Around 437,000 square kilometres of British Antarctic Territory was named after the monarch to mark her diamond jubilee in 2012. The triangular segment is nearly twice the size of Britain and stretches from the South Pole to the Ronne Ice Shelf on the Weddell Sea.
Seven decades earlier in 1931, this slice of Antarctica was discovered by the British, Australian and New Zealand Antarctic Research Expedition and named after the young Elizabeth, who was third in line to the throne. Roughly covering the section south of India, it is now part of Australian Antarctic Territory.

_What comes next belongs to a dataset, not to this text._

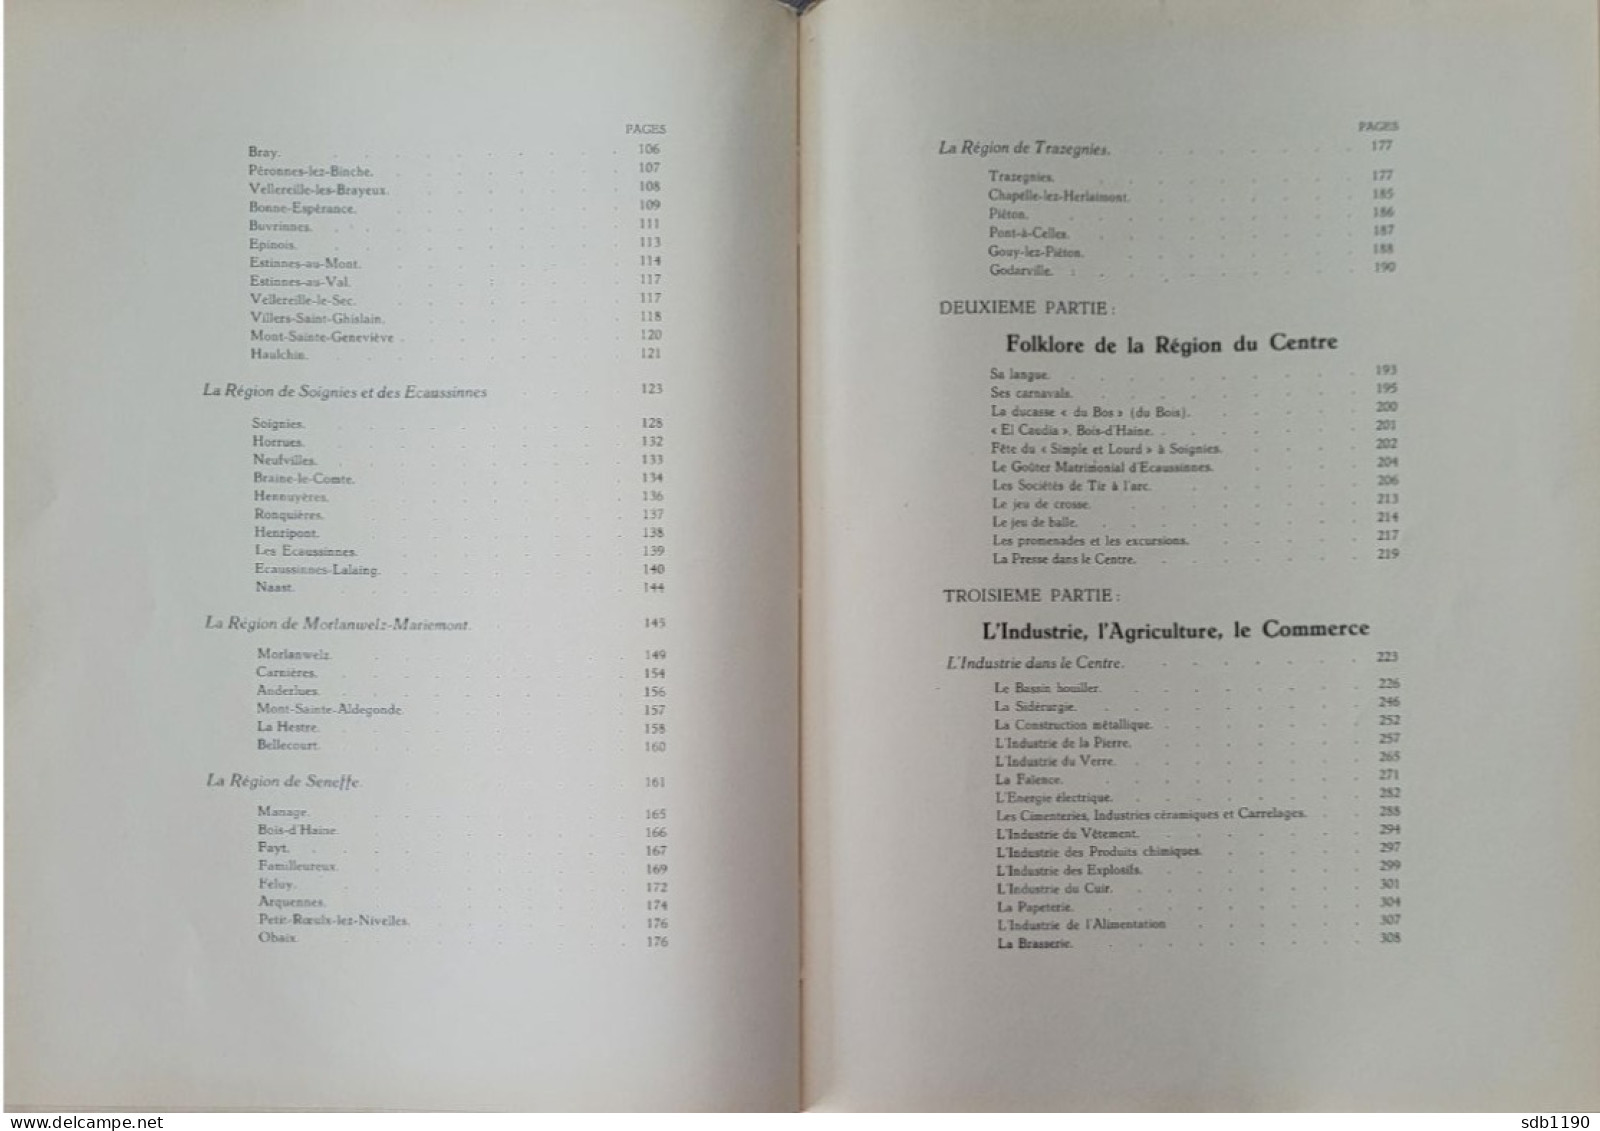 Livre 'Le Centre Archéologique, Folklorique, Industriel, Commercial, Artistique, Scolaire' 1930 Avec 317 Illustrations - Archéologie

The former wasteland in east London that staged the 2012 Olympics was renamed after the Games to mark the diamond jubilee celebrating 60 years on the throne. Queen Elizabeth memorably opened the Olympics with a sequence that appeared to show her parachuting down to the stadium with James Bond.
Straddling the equator, the east African country’s most visited national park is known for its lions, hippopotamuses, elephants, crocodiles and leopards, along with volcanic cones and crater lakes. The 1,978 square-kilometre park was renamed after a visit by the monarch in 1954.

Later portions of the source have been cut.